In reviewing this coverage, many of us have wondered what would have happened if not for the extraordinary Times and Post coverage of the strike. The Times’ video investigation of the strike was a remarkable almost minute-by-minute account of Mr. Ahmadi’s movement on Aug. 29, complete with security camera coverage of his comings and goings across the city, all made possible by years of reporting from Kabul. This type of coverage and insight has been lacking in the countless strikes that have occurred in places like the remote reaches of Nuristan, Afghanistan; Marib, Yemen; or Lower Shabelle, Somalia.

Indeed, we have many such examples, where local journalists and international human rights groups have alleged civilian casualties. In years past, the military often didn’t even address the allegations. Now the military will usually address the situation, but quite often that means disputing the account without saying why.
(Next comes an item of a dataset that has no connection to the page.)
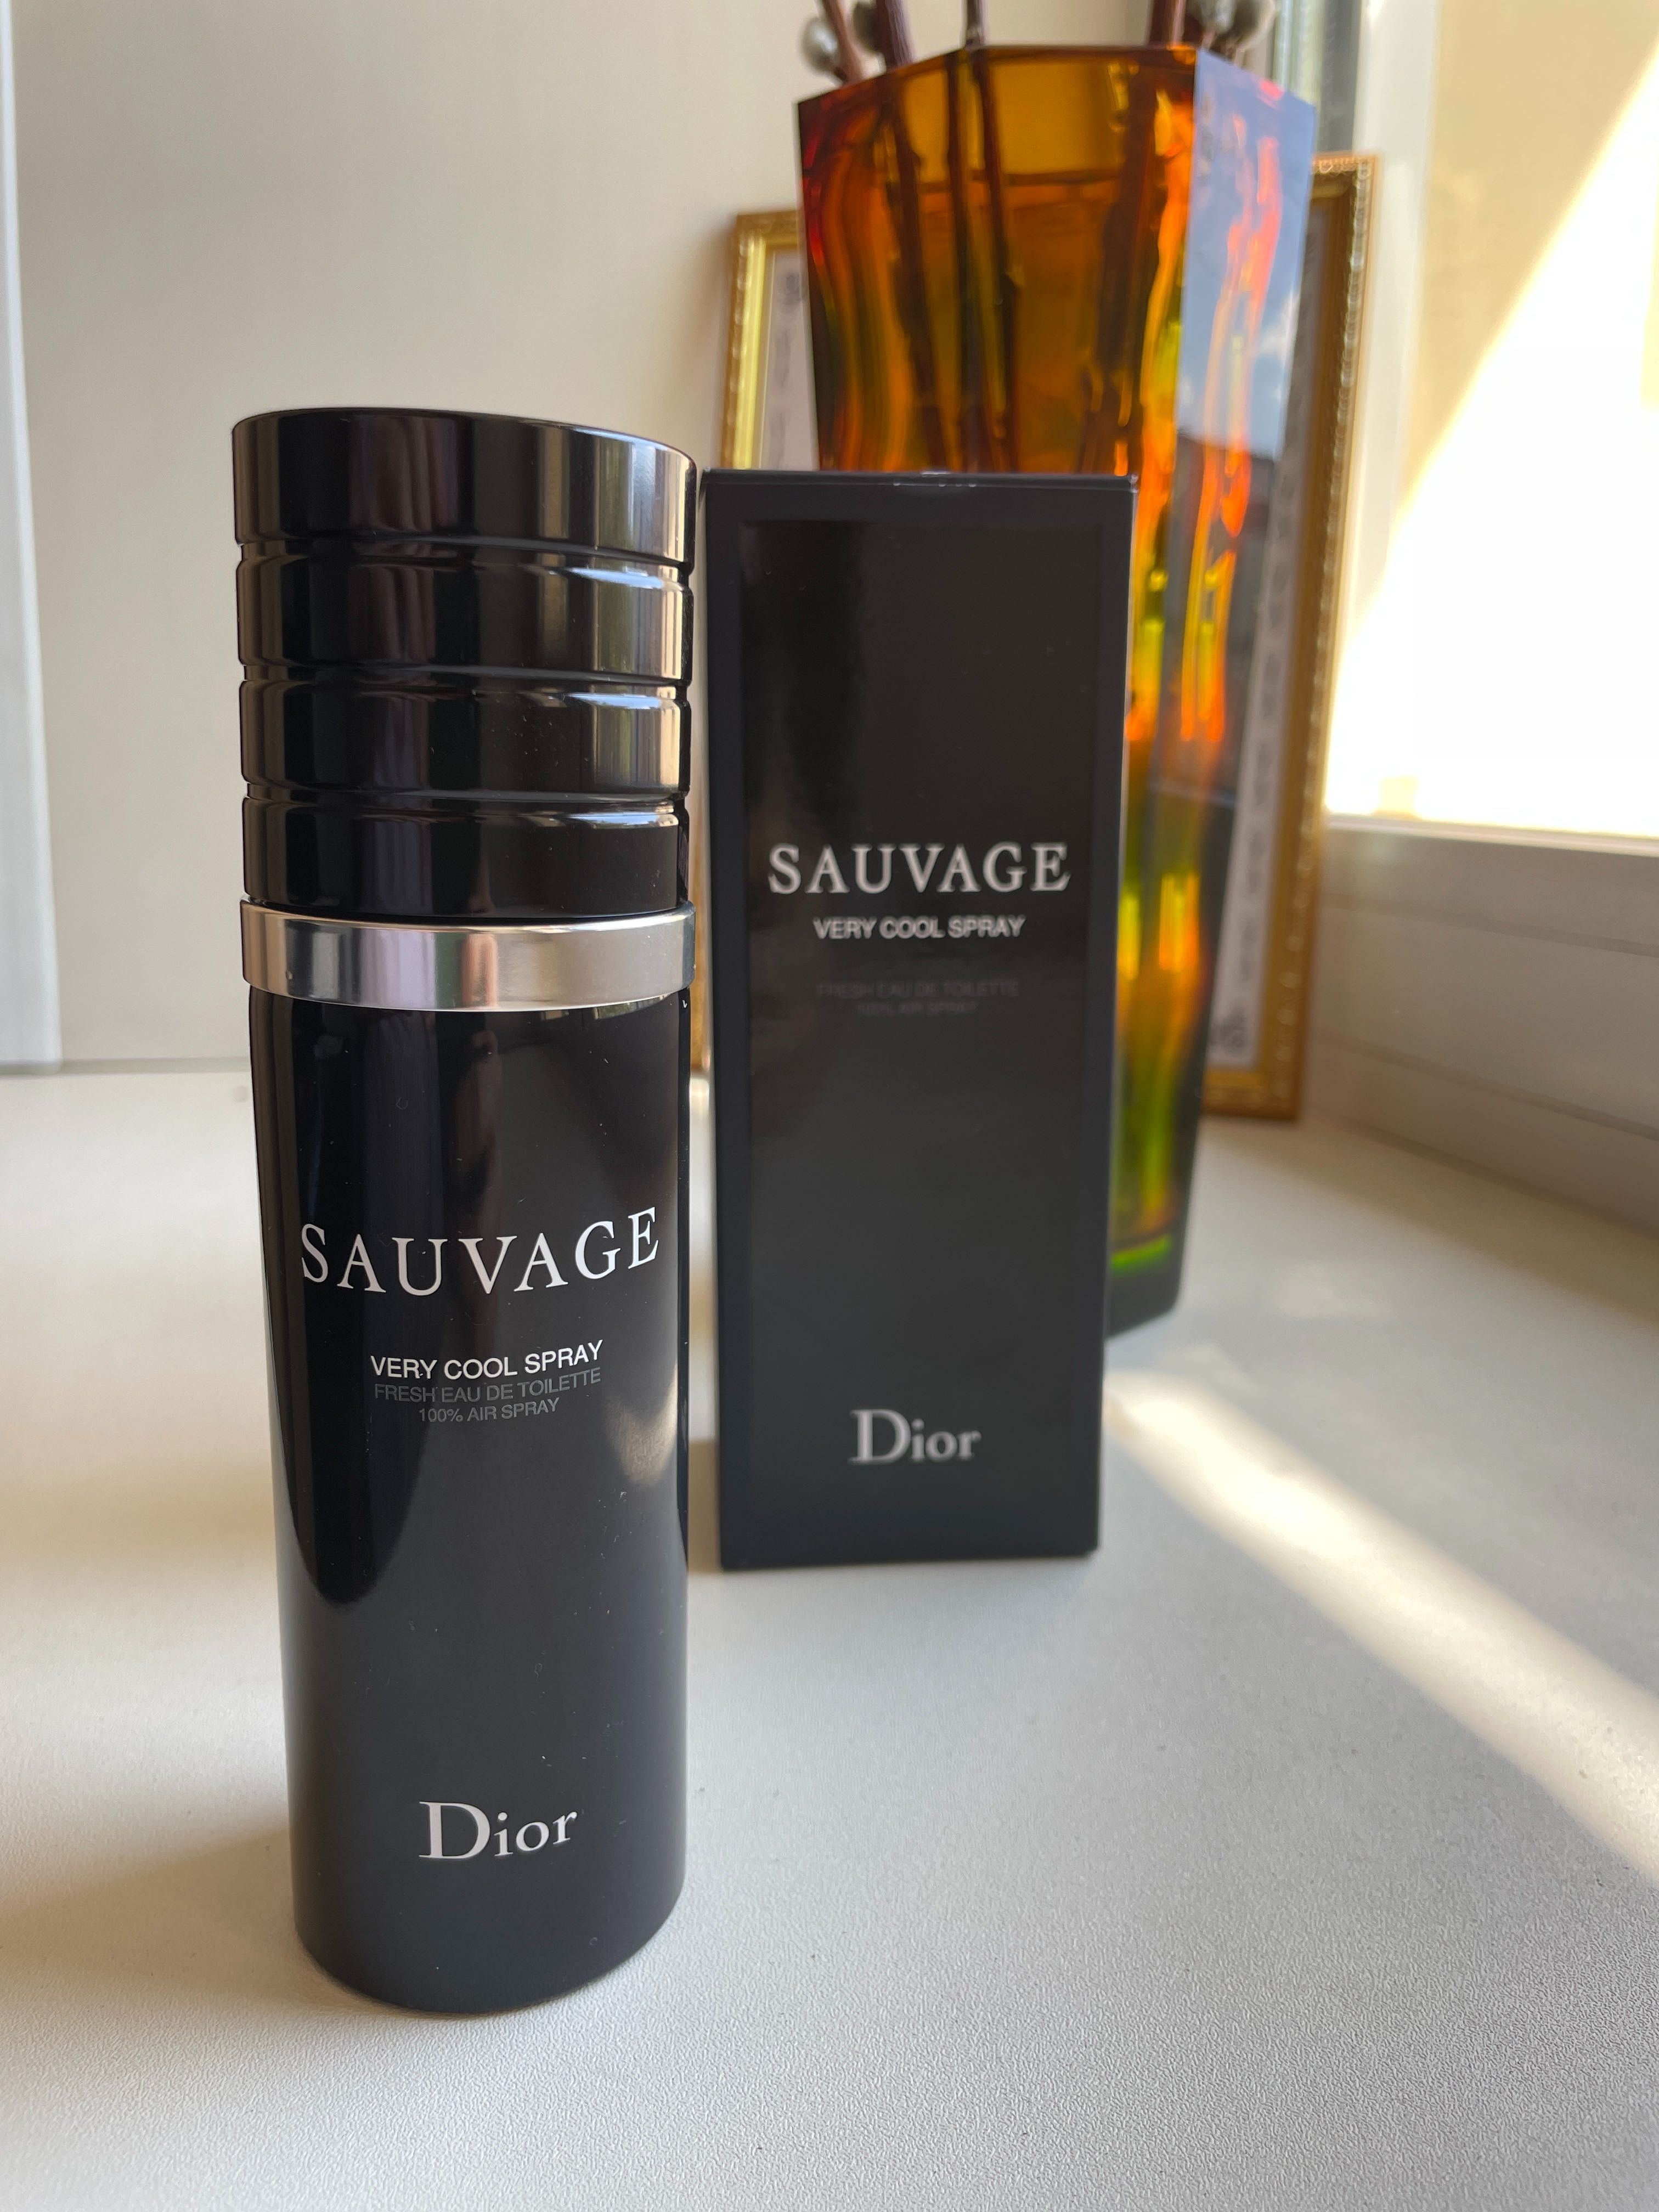 Dior Sauvage very cool spray

Certainly there are times when journalists or NGOs get it wrong, but in some cases, it’s reasonable to assume that there were civilian casualties but a military relying on flawed procedures pronounced the strike righteous anyway. The Kabul strike will only deepen this credibility gap, and additional steps toward transparency may not be enough to bridge it.

Yet it’s more important than ever that the Biden administration does begin to bridge this gap. As a first step, U.S. Special Operations Command and Central Command should release their own findings on the strike and address whether they have taken any of the administrative or non-criminal disciplinary actions that Said indicated are available. It will be important to show not just overdue accountability for this strike but serious reforms intended to ingrain lessons learned from this tragedy.
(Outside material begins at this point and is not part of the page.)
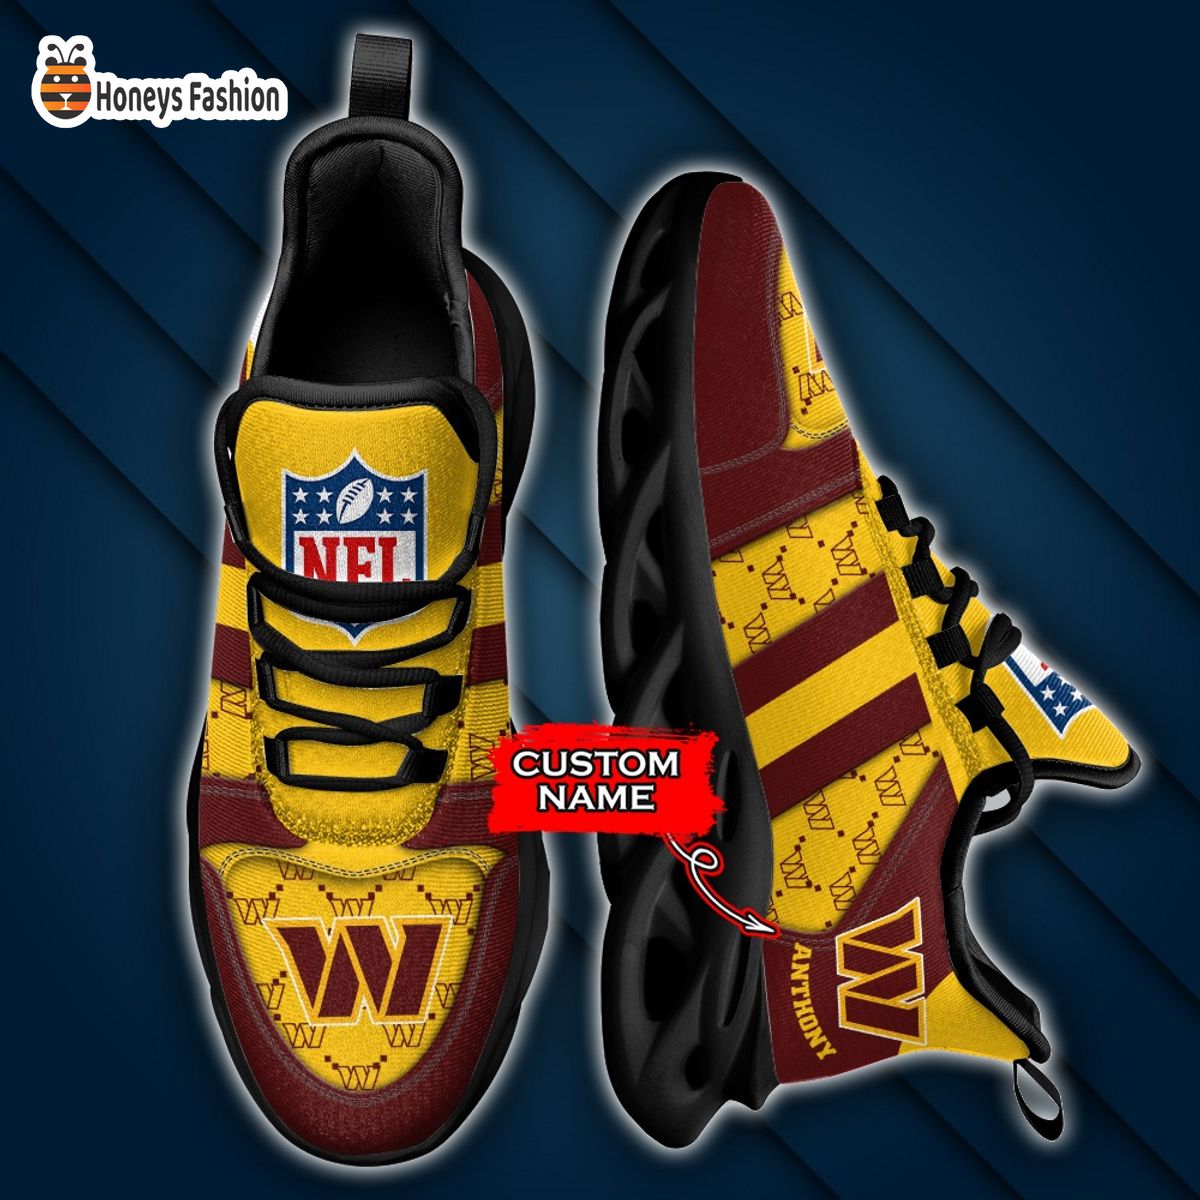 Washington Commanders NFL Gucci Personalized Max Soul Shoes

Then there’s the question of new drone policies. In the coming months, the administration is set to release new guidance for drone strikes and commando raids. It will likely move the program toward still higher standards when it comes to constraining the use of force, protecting civilians, and improving transparency. But the Kabul strike will undermine the credibility of that document before it’s even completed and amplify the questions that my colleagues at Just Security have raised for years – e.g., about how combatant vs. non-combatant assessments are made, what reasonable certainty vs. near certainty mean, how imminence is defined for external vs. self-defense threats, and when a threat reaches a threshold that allows for a strike.

All of this suggests that we need more than a policy review of direct action. We also need a fundamental review of the operations and procedures that underpin the drone program and how those have evolved in the wake of previous mistakes. It should get into the weedy details of how operations are conducted and whether they meet what policymakers expect of them, and it should include a strong civilian voice, which is often underrepresented in such operational reviews. The administration needs to consider far more significant steps towards transparency on such operations if is to regain the public’s trust. And it may need to consider more dramatic measures that have been floated previously but foundered in the bureaucracy, such as establishing an outside or independent oversight board. Finally, the Kabul strike may reinforce the growing sense that no matter how much we try, drone operations go bad for a range of errors, both human and technological. At some point, the solution set must be more than technical fixes but rather a recognition that maybe we should conduct fewer strikes, that we shouldn’t fumble our way around countries we don’t understand very well, and that we should rely more on our defenses to keep our country safe.

There are certainly unique circumstances to the Kabul strike, but if we miss the bigger lessons, we only invite further tragedy.